Hussein Fawzi was one of the few true specialists of musical cinema…He built the entire story around maximizing the number of song-and-dance numbers for Naima Akef…In 1951, he presented the ultimate showcase of this work with her in the movie Furigat.

Waseem Afifi wrote for the website تراثيات (“Heritage”) the article “زوج نعيمة عاكف الموهوب الذي لم ينال الشهرة” (“Naima Akef’s Talented Husband, Who Did Not Achieve Fame”):

Hussein Fawzi…one of the great directors who, despite their talent, did not find fame compared to his contemporaries…The year 1949 is considered a turning point in his life when he met actress Naima Akef, who was raised in her family’s circus since her birth in 1922...Fascinated by belly dance, she became the star of the KitKat Club in Cairo at the age of sixteen…Director Abbas Kamel, Fawzi’s brother, brought him to watch her perform, beginning an endless fascination of Fawzi’s with performing arts such as dancing, singing, acrobatics, acting, and the circus.

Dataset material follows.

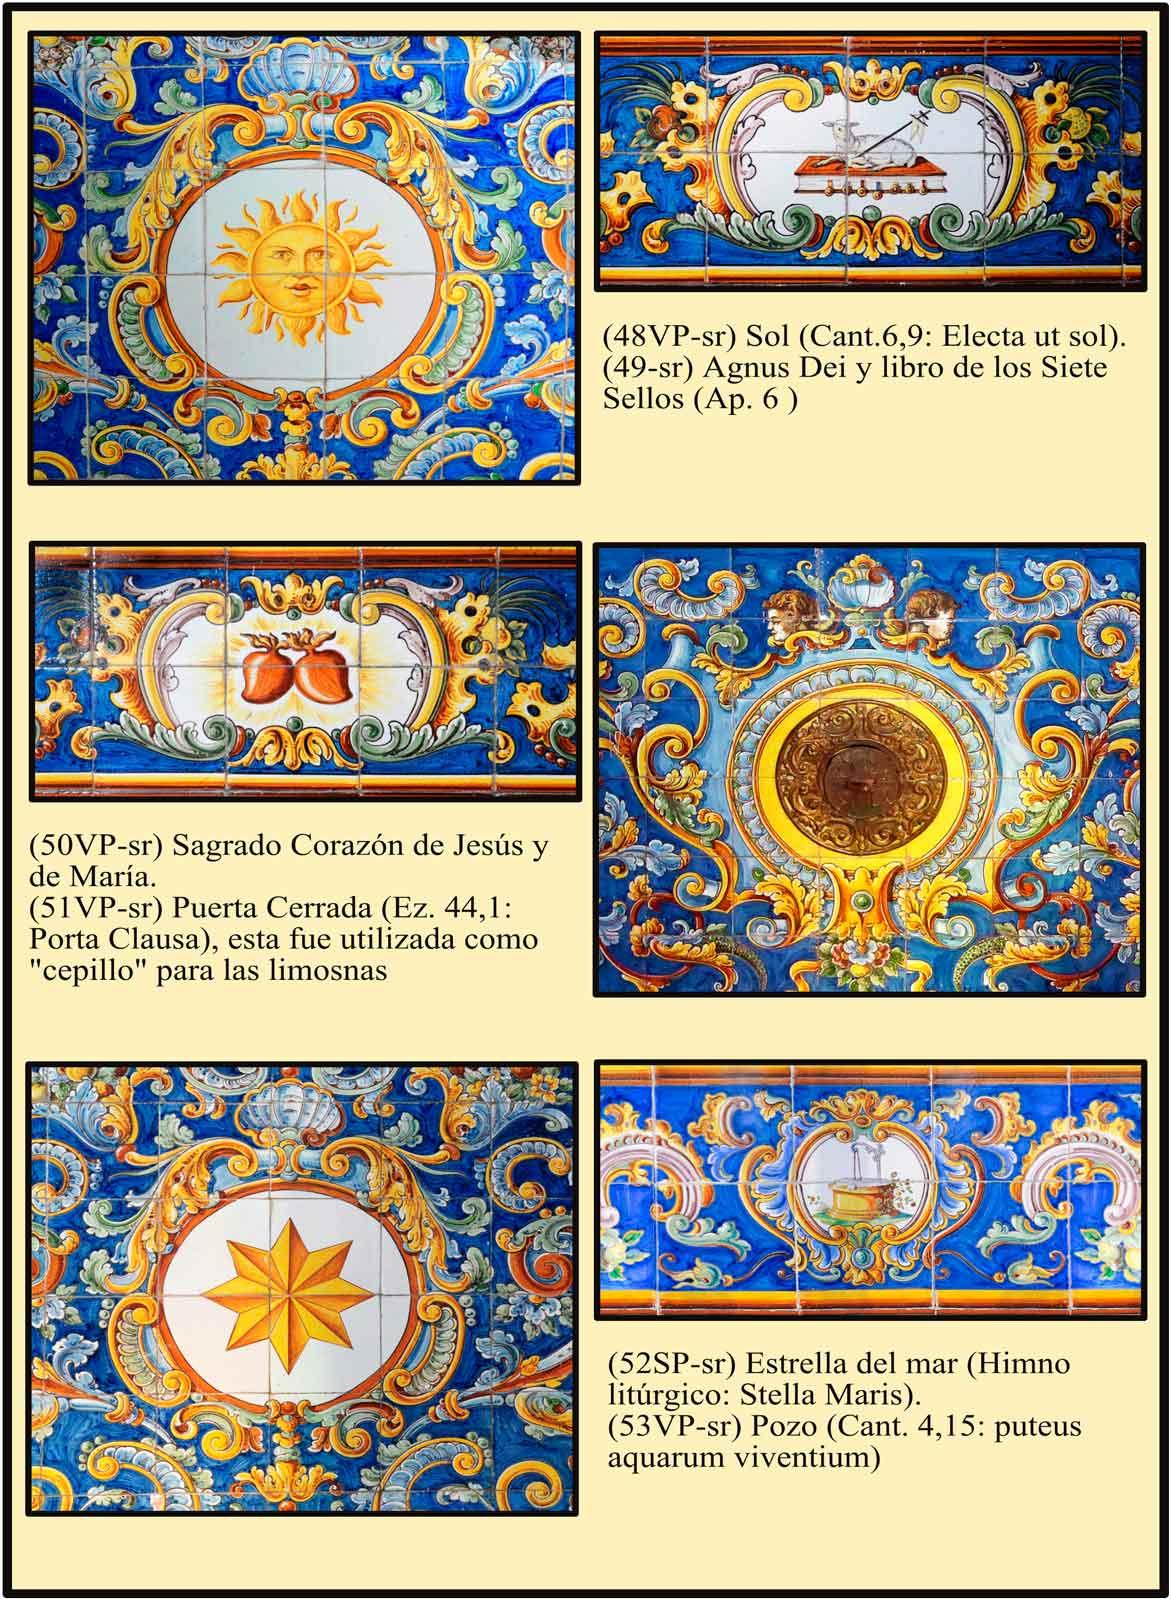 Zocalo de Azulejos de Talavera con simbolos marianos

Afifi notes the director's work to bring Akef's potential to the silver screen as “a slum girl seeking to employ her family in the theatre in the movie Furigat.” Continuing to narrate the director and his star's artistic and personal relationship, he writes:

He presented her in 1957 in the role of an exotic Roma who falls in love with a wealthy young man in Tamr Henna, and in 1958 as a girl in the Al-Alam neighborhood on Mohammed Ali Street in I Love You, Hassan, the couple’s last collaboration before their divorce.

The magazine Al-Hilal wrote that the success of the duo of Mohsen Sarhan and Naima Akef earned them “the cover of [local film publication literally meaning “star”] Al-Kawakeb Magazine on July 1, 1951, for their work in Furigat.